Thanks again for your input!
Yes, there is nothing unusual about traverse legs of varying lengths. It's better to avoid very short legs, such as under 100 feet, due to the effect of sighting error. As you may know, sighting error has more effect on the accuracy of the angle on shorter legs. Of course turning the angle multiple times reduces that error.
On shorter legs we used to unscrew the small sighting rod from the reflectors and sight the mounting screw underneath, which stuck up about 1/2" from the bracket and was visible through the scope at 200 feet or so. That made it easier to center the vertical crosshair and thus reduced the sighting error. It might or might not work with your reflectors, depending on how they are set up.

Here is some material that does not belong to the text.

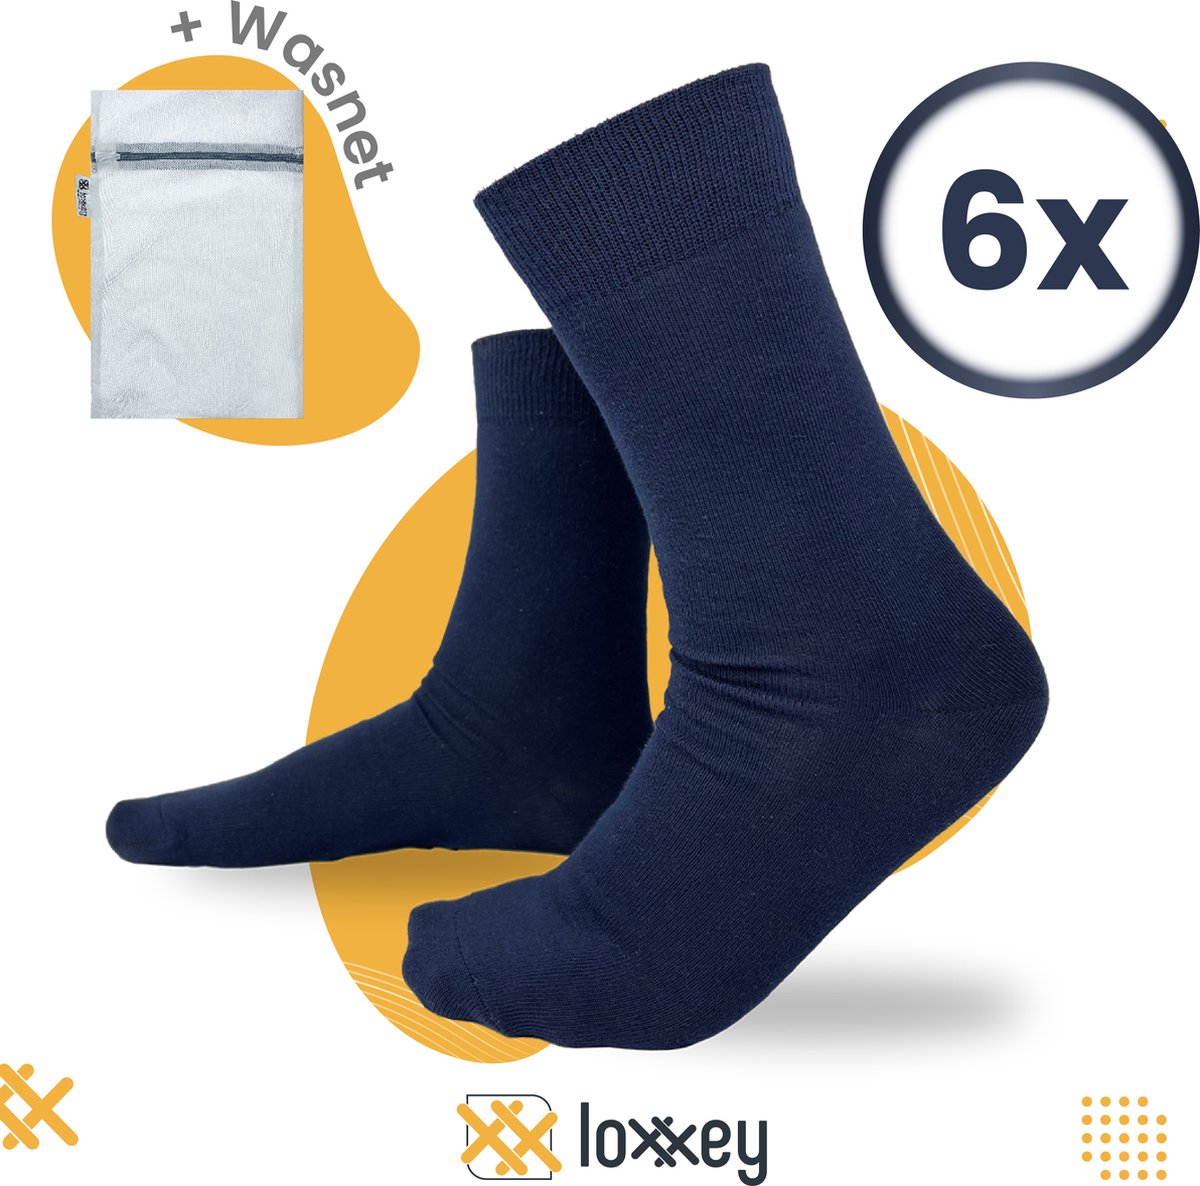 Loxxey® - Katoen - 6 Paar - Heren & Dames - Naadloos - Maat 39-42 - Donkerblauw + Wasnet 33x22cm

It occurs to me that the leapfrog method would work with three tripods, two tribrachs with optical plumbs, and the tribrach from the instrument without a plumb. When it's time to move the plumbless tribrach ahead, you could set it up with the instrument on it, then unsnap the instrument, snap on a reflector, and move the instrument back to the middle point to turn the angle. It would take a little more time but would be just as accurate.